DATA FOR ANALYSIS:

★ ★ ★ ★

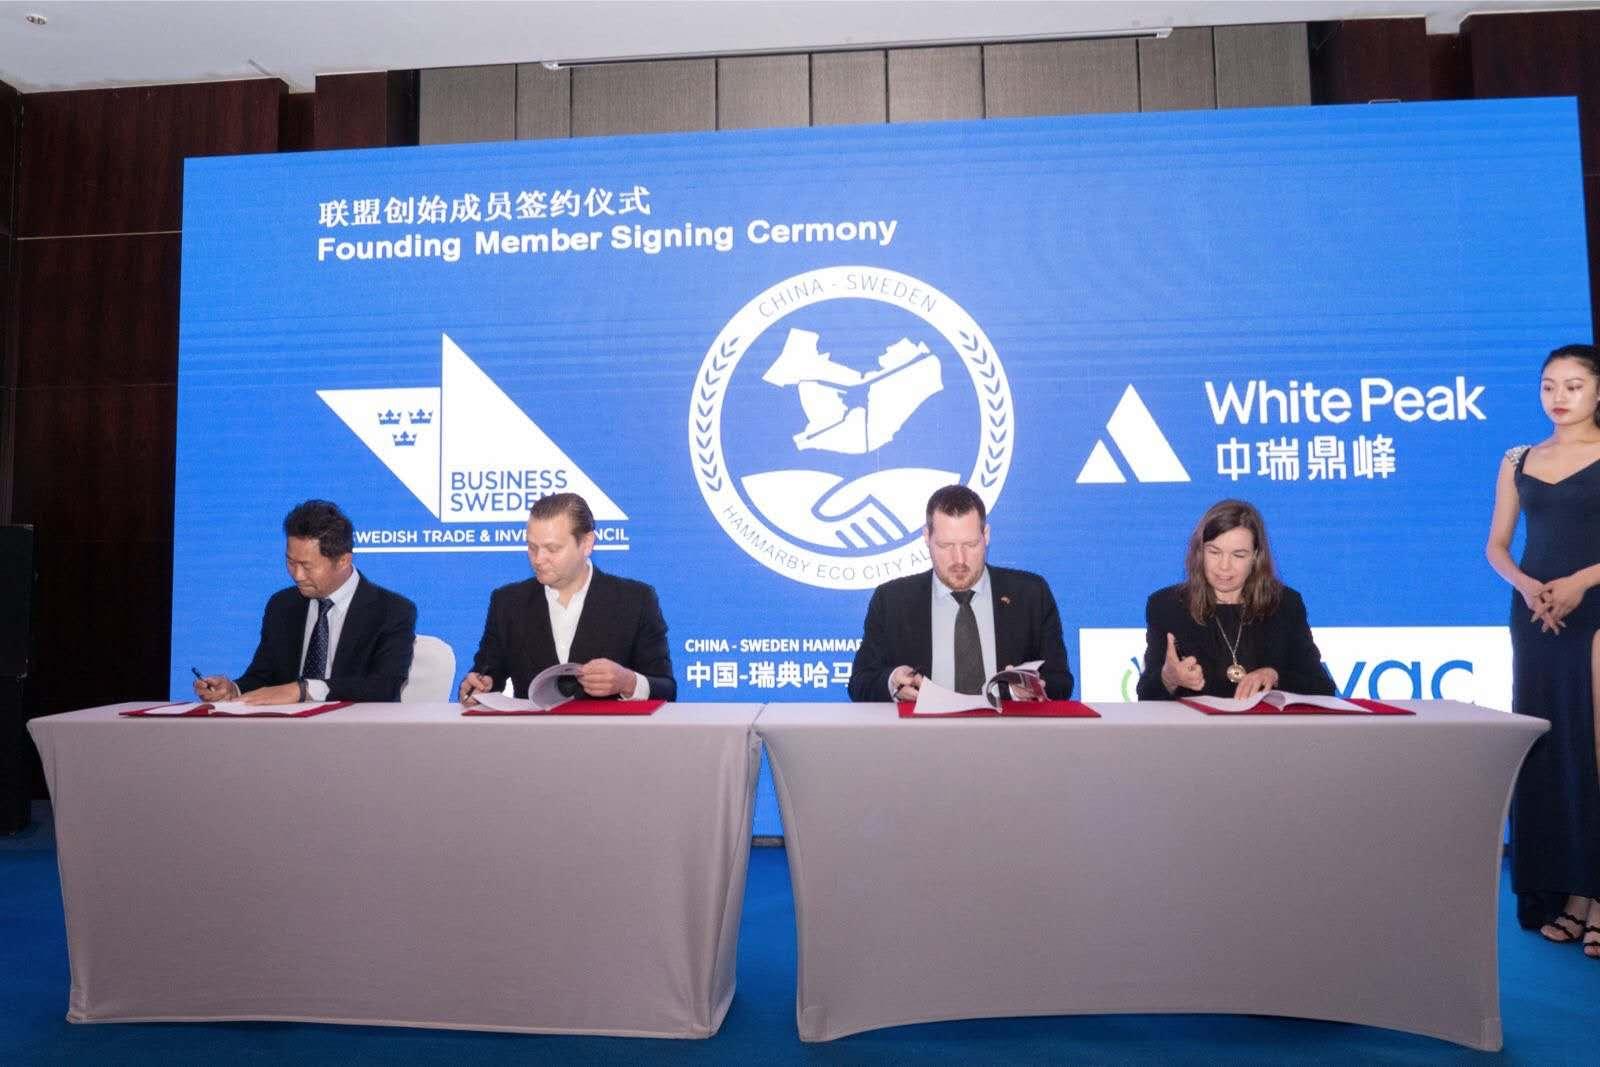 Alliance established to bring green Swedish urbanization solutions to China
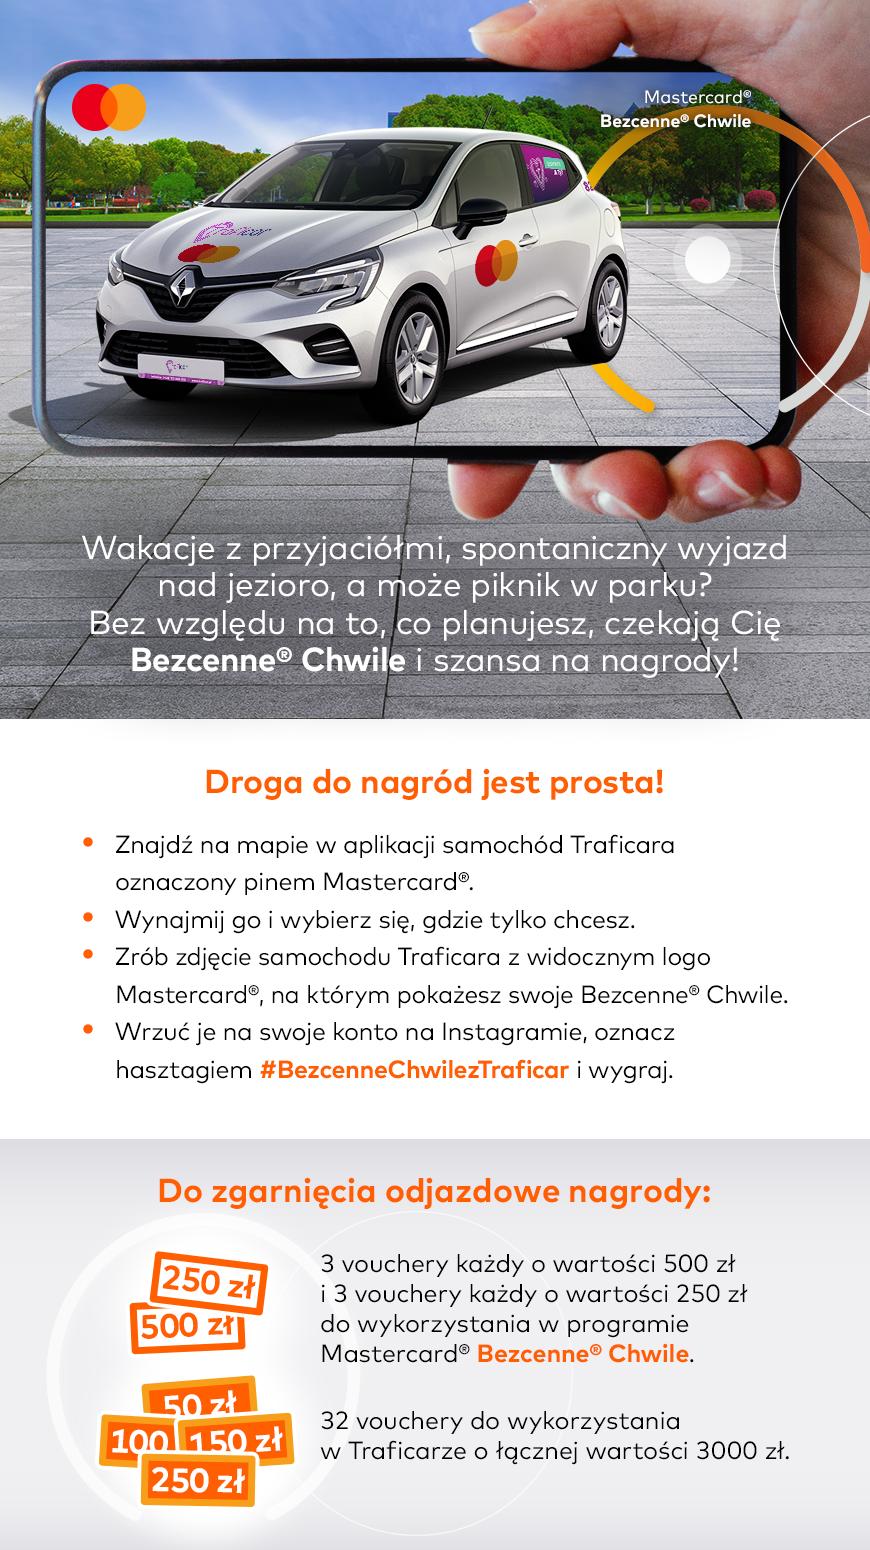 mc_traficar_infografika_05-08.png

★ ★ ★ ★

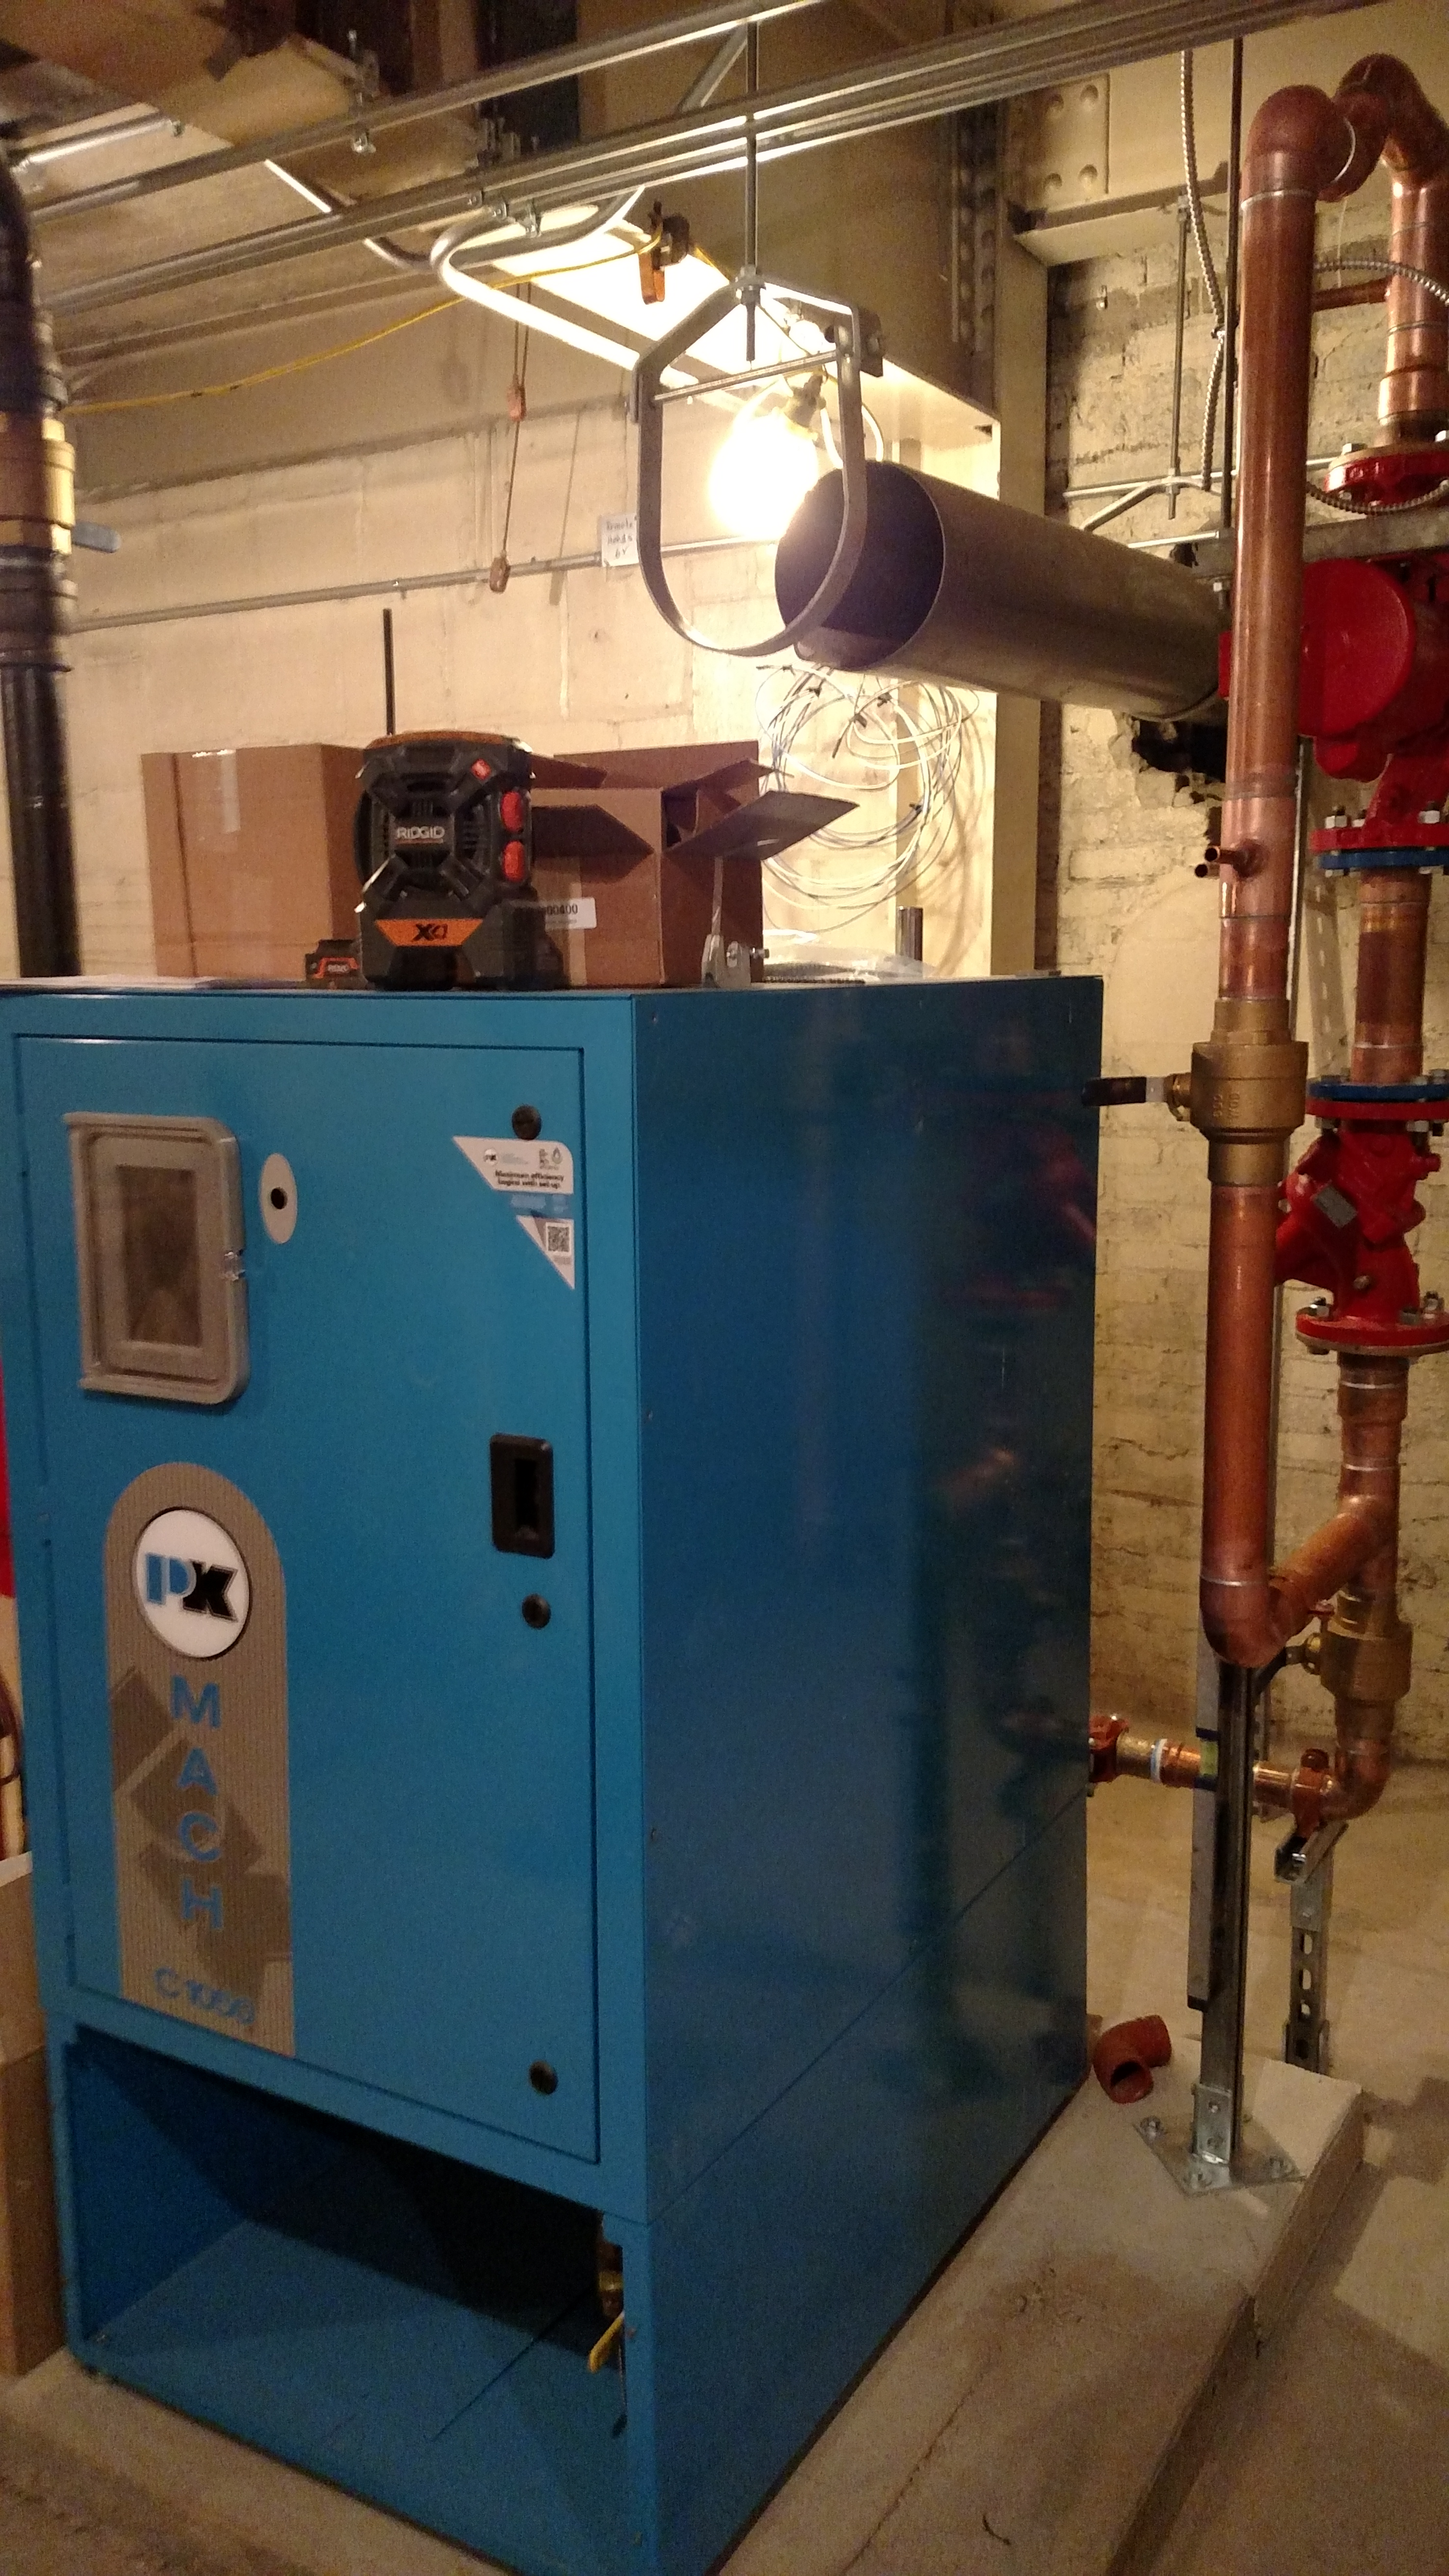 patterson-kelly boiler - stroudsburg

★ ★ ★ ★

WORK REQUEST: Using the entries above, transcribe every line from the line containing "Alliance established to" through the line containing "mc_traficar_infografika_05-08.png". Do not copy pictures.

RESULT OF THIS EXERCISE:
 Alliance established to bring green Swedish urbanization solutions to China
 mc_traficar_infografika_05-08.png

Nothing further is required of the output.